On Aug. 8, Russia decided to rewrite the rules of post-World War II European security. It repudiated the Helsinki Pact of 1975, which recognized the sanctity of borders in Europe, and violated the sovereignty and territorial integrity of NATO aspirant Georgia, whose troops had attacked South Ossetia the day before. In the process, Russia also tore up its own peacekeeping mandate in South Ossetia and Abkhazia.

Moscow desires to become a hegemonic power in the former Soviet space. The Georgian war brought Russia back to the Southern Caucasus in force, outflanking oil-rich Azerbaijan, and affecting control over the principal energy and rail arteries bringing natural resources from the Caspian Sea and Central Asia to the West and consumer and industrial goods to the East. The Russian military practically destroyed the Georgian military, which protected the pipelines and the Georgian port of Poti, the important Black Sea terminal of the East-West corridor.

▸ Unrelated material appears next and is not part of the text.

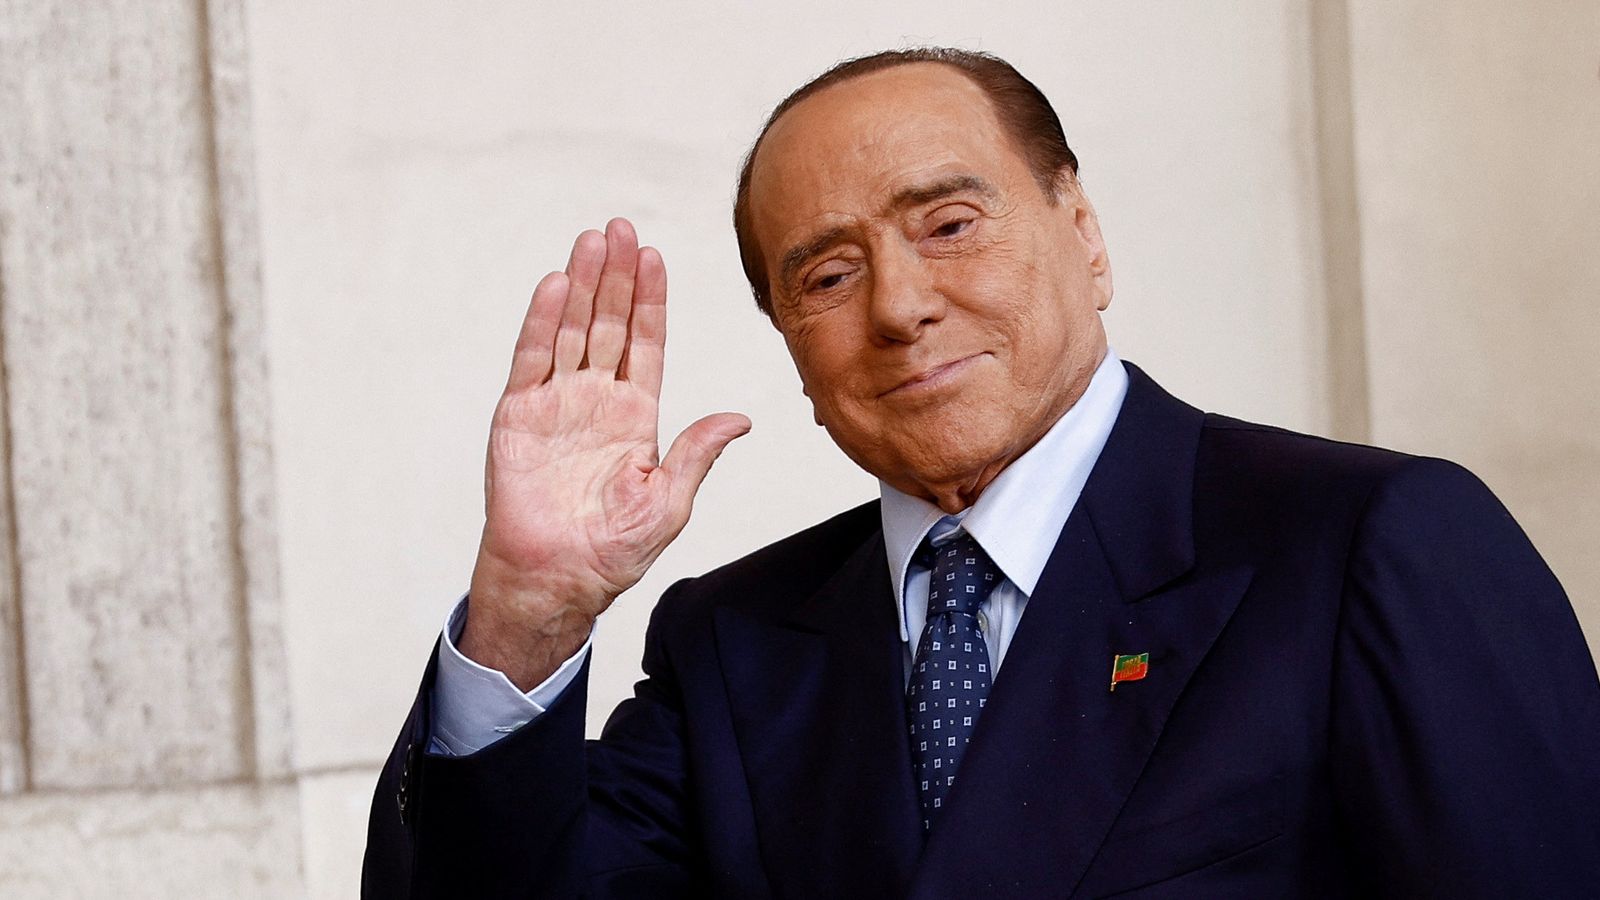 Silvio Berlusconi: Former Italian prime minister admitted to hospital with leukaemia

The war in the Caucasus, however, surpasses the regional agenda. In fact, Russia's war aims are far-reaching and include:

  • Expulsion of Georgian troops and termination of Georgian sovereignty in South Ossetia and Abkhazia, something that was accomplished.

  • "Regime change" by bringing down President Mikheil Saakashvili and installing a more pro-Russian leadership in Tbilisi.

  • Preventing Georgia from joining NATO and sending a strong message to Ukraine that its insistence on NATO membership may lead to a civil unrest in the Crimea, where many Russian citizens reside, and potentially, to the country's dismemberment.

  • Shifting control of the Caucasus, and especially over strategic energy pipelines and the transportation corridor from the Caspian to the Black Sea, by controlling Georgia.

  • Re-creating a 19th-century style sphere of influence in the former Soviet Union, by the use of force if necessary.

    Such anti-status quo revisionism is the stuff of which world wars are made. Think the Balkan wars that preceded World War I or Adolf Hitler's invasion of the Sudetenland in Czechoslovakia in 1938 - with Europe's acquiescence.

    Russia proclaims that it wants to shift the global balance of power away from the United States; "Finlandize" Europe; revise global economic institutions; and return to highly competitive and often confrontational great power politics, reminiscent of the 19th century. Realists: 1, Fukuyama: 0.